Please check and close the issue if your query got resolved.
Thankyou!
I am doing the tensorflow operator test, and then deliberately use illegal parameters to test the operator. In this test, I did not use [0,1), but use >=1 value, and then in this way on the CPU and GPU The above results are different. Can we make a preliminary judgment on the value of the Images parameter at the operator entry, and if it is not in [0,1), an exception will be thrown to prevent the program from continuing.
@triumph-wangyuyang ,
I agree to that.It is better to raise exception/warning regarding invalid inputs rather than continuing and generating inconsistent results.Lets see if i can do something on this.
Thankyou!
Hi @triumph-wangyuyang ,
The above mention PR should address the issue.

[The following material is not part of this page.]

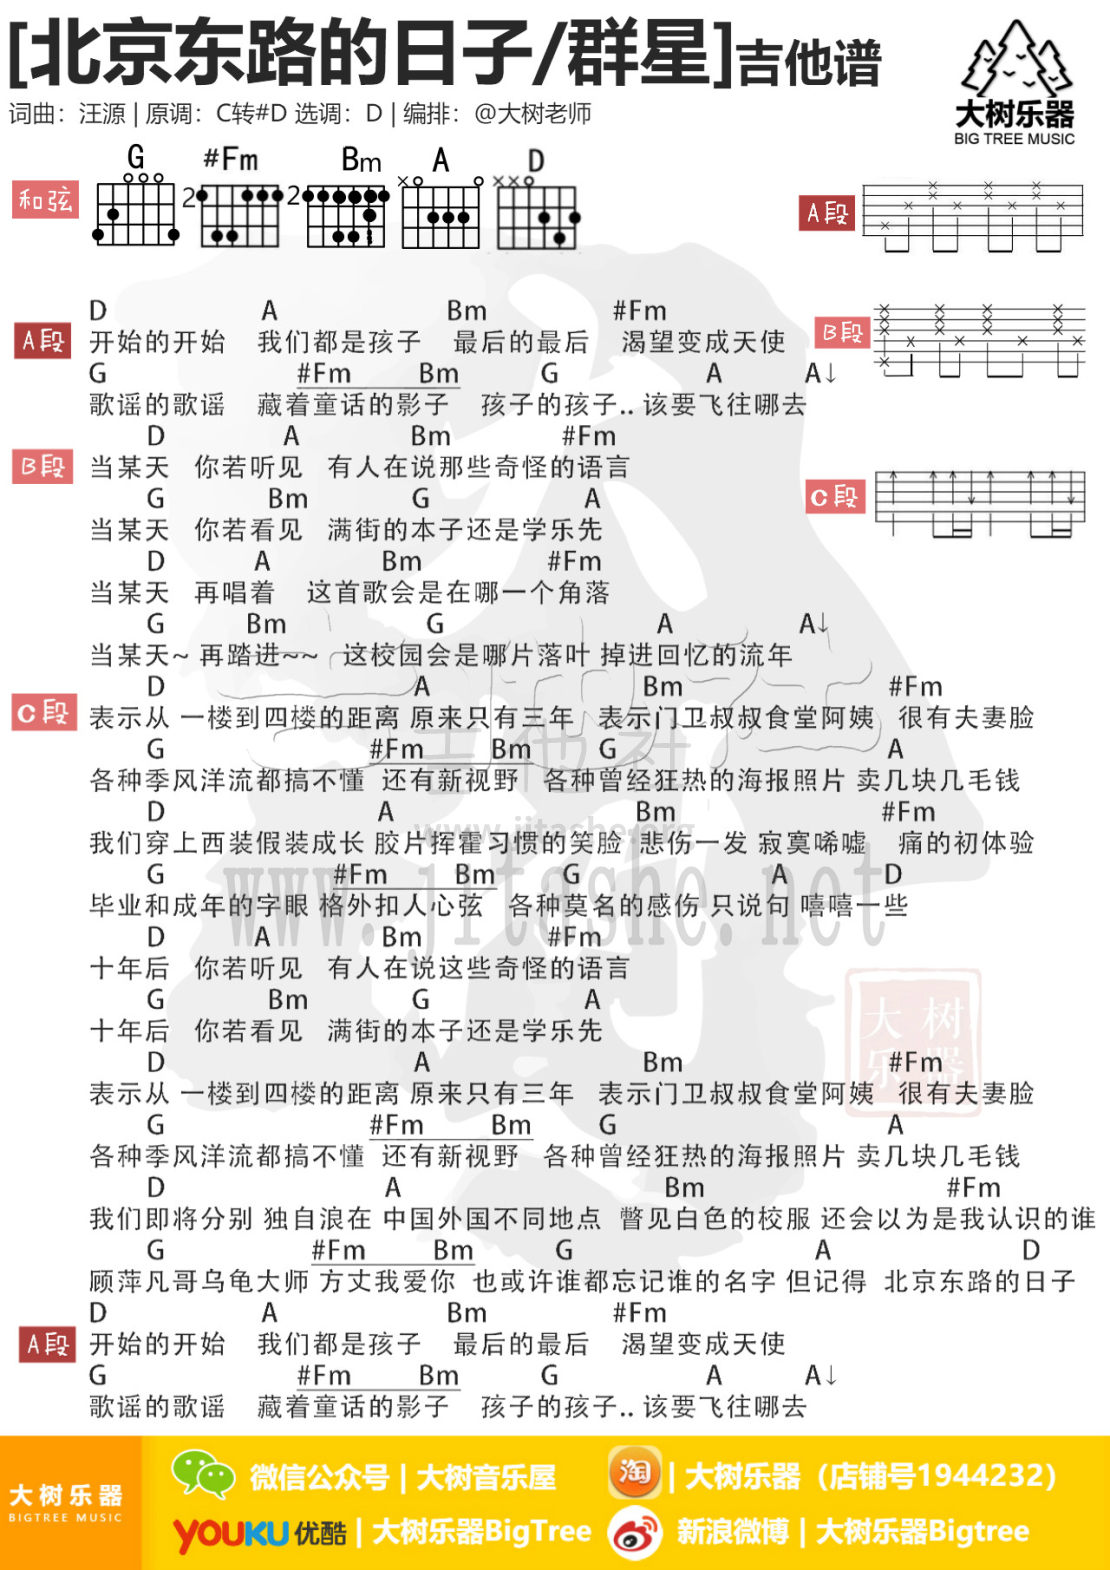 北京东路的日子吉他谱(图片谱,弹唱,伴奏,大树乐器)_群星(Various Artists)_模板_meitu_3_meitu_6.jpg

We make no guarantees that CPU and GPU results are identical, especially for garbage data. The input doesn't crash, so it's not a security issue. Error checking is expensive.
The GPU result is flushing all results to the max value (essentially saturating the input). We could potentially do the same on CPU. I wouldn't say it's a requirement though.
Just noticed that saturate was set to True (indirectly via the -1 value), so this should actually have defined behavior and there is an issue with saturation. Will dig into it.
The issue here is that uint32.max is not actually representable in float32 - and rounds up when converting, from 4294967295 to 4294967300.0. This eventually leads to a cast overflow and undefined behavior - which is why we see different values between CPU and GPU.
Hi @triumph-wangyuyang ,
Please refer to attached explanation in above comment.The cast overflow causing undefined behaviour and hence getting different results. This has been fixed with tf-nightly(2.14.0-dev20230503). Please refer to attached gist which showing both CPU and GPU are now producing same results.
Thanks!
I also observed the following API aliases can cause the same issue in older versions of tensorflow. Users should be cautious when using them on the CPU up to tensorflow 2.12.0 (v2.12.0-rc1-12-g0db597d0d75).
-
(tf.image.convert_image_dtype),tf.compat.v1.image.convert_image_dtype
Code to reproduce the issue in tf.compat.v1.image.convert_image_dtype in older versions
import tensorflow as tf
print(tf.version.GIT_VERSION, tf.version.VERSION, flush=True)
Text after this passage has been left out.